車いすテニス — 2025/9/10 水曜日 at 10:04:00

生涯ゴールデンスラム達成の小田が凱旋会見「世界を変えたい」

by
全米オープンで優勝し、生涯ゴールデンスラムを達成した小田。帰国会見で想いを語った

パリ2024パラリンピック金メダリストで、テニス全米オープンの車いすの部で優勝を果たし、パラリンピックと4大大会を制する「生涯ゴールデンスラム」を19歳で達成した小田凱人(東海理化)が9日、帰国会見を行った。

全豪オープンは2024年に初制覇し、全仏オープンは23年から3連覇中、ウィンブルドンは23年と今年の2度優勝している小田。全米オープンは初出場の22年はベスト8、23年は1回戦敗退で、3度目の挑戦となった今年、ついに頂点に立った(昨年の車いすの部はパリ2024パラリンピックとの日程被りで実施されず)。

車いすテニス界では、19年に28歳でディラン・アルコット氏(クアード/オーストラリア)、21年に24歳でディーデ・デ フロート(女子/オランダ)、22年に38歳で国枝慎吾氏(男子)が生涯ゴールデンスラムを達成しており、小田は4人目となり、10代での達成は史上初の快挙だ。

次戦は東京・有明で開かれるジャパンオープンを予定している小田。「たくさんのに観に来てもらいたい」と観戦を呼び掛けた

会見で小田は、「自分でもどこまで行けるのか、どこに着地するんだろうと感じている。今は自由にいろんなことに挑戦していて楽しいし、ひとりのメッセンジャーでありたいと思っている。めっちゃ勝った人というより、何かを変えた人でありたい。世界を変えたい」とコメント。

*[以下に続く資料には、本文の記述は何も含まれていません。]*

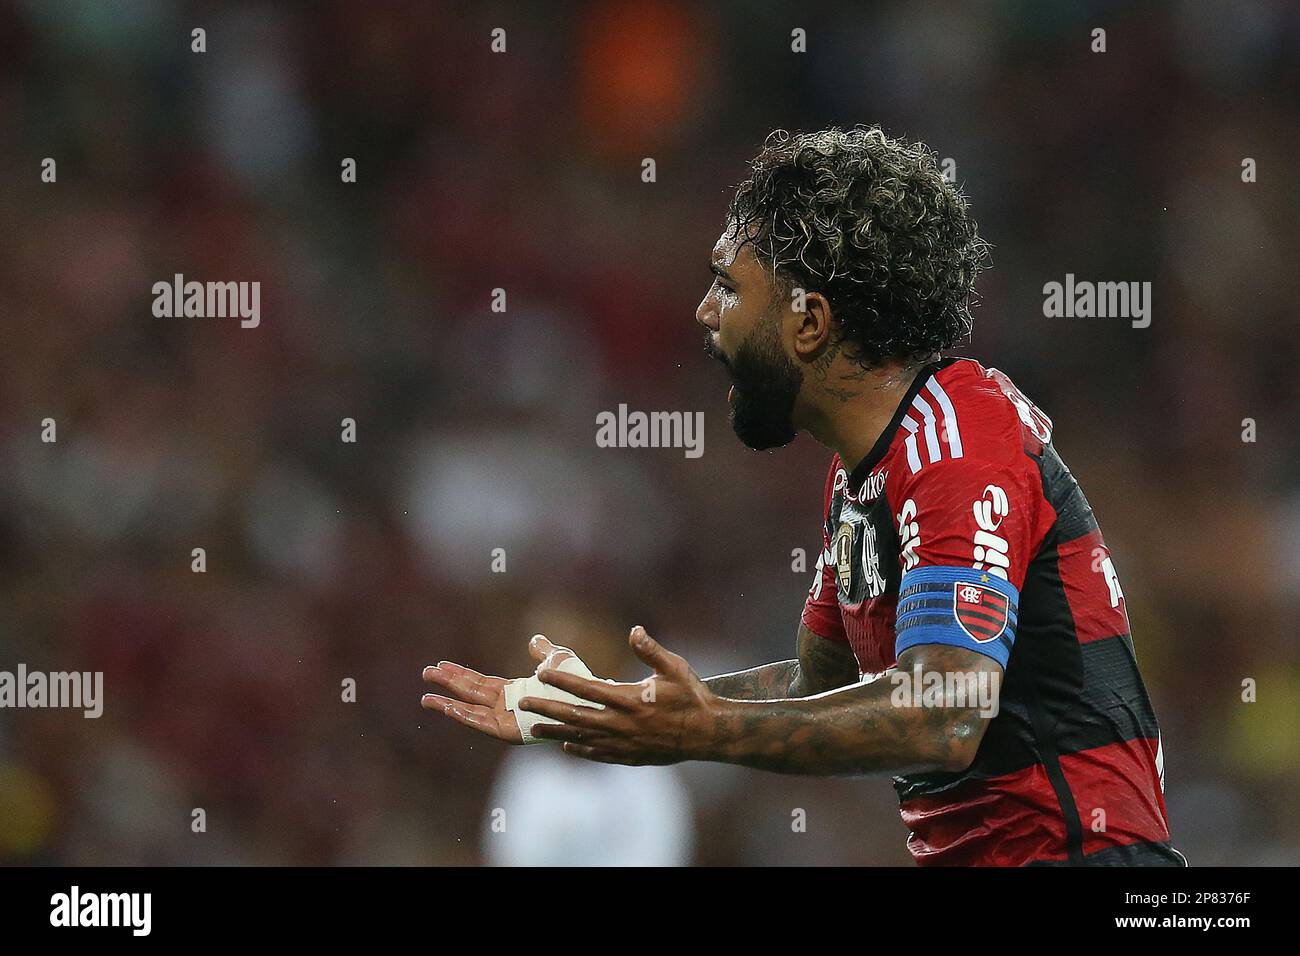 Rio de Janeiro, Brazil, 08th Mar, 2023. Gabriel Barbosa of Flamengo complains to the referee after his goal is annulled during the match between Flamengo and Fluminense, for the Championship Carioca 2023, at Maracana Stadium, in Rio de Janeiro on February 16. Photo: Daniel Castelo Branco/DiaEsportivo/Alamy Live News Stock Photo

そして、「自分のなかでは1位という感覚はなくて、5位くらいに感じている。ちゃんと1位だなと思えるまでもっと頑張るので、これからも応援よろしくお願いします」と結んだ。

全米オープン決勝では、準決勝でアルフィー・ヒューエット(イギリス)を破ったグスタボ・フェルナンデス(アルゼンチン)と対戦。1セットオールで迎えた第3セットは互いに粘りを見せて、10ポイント先取のタイブレークに突入。相手の4度のチャンピオンシップポイントをしのぎ、逆転優勝を果たした。また、フェルナンデスと組んだダブルスでも決勝に進み、パラリンピック金メダルのヒューエット・リード組(イギリス)をスーパータイブレークの末に下して優勝しており、見事単複2冠を達成した。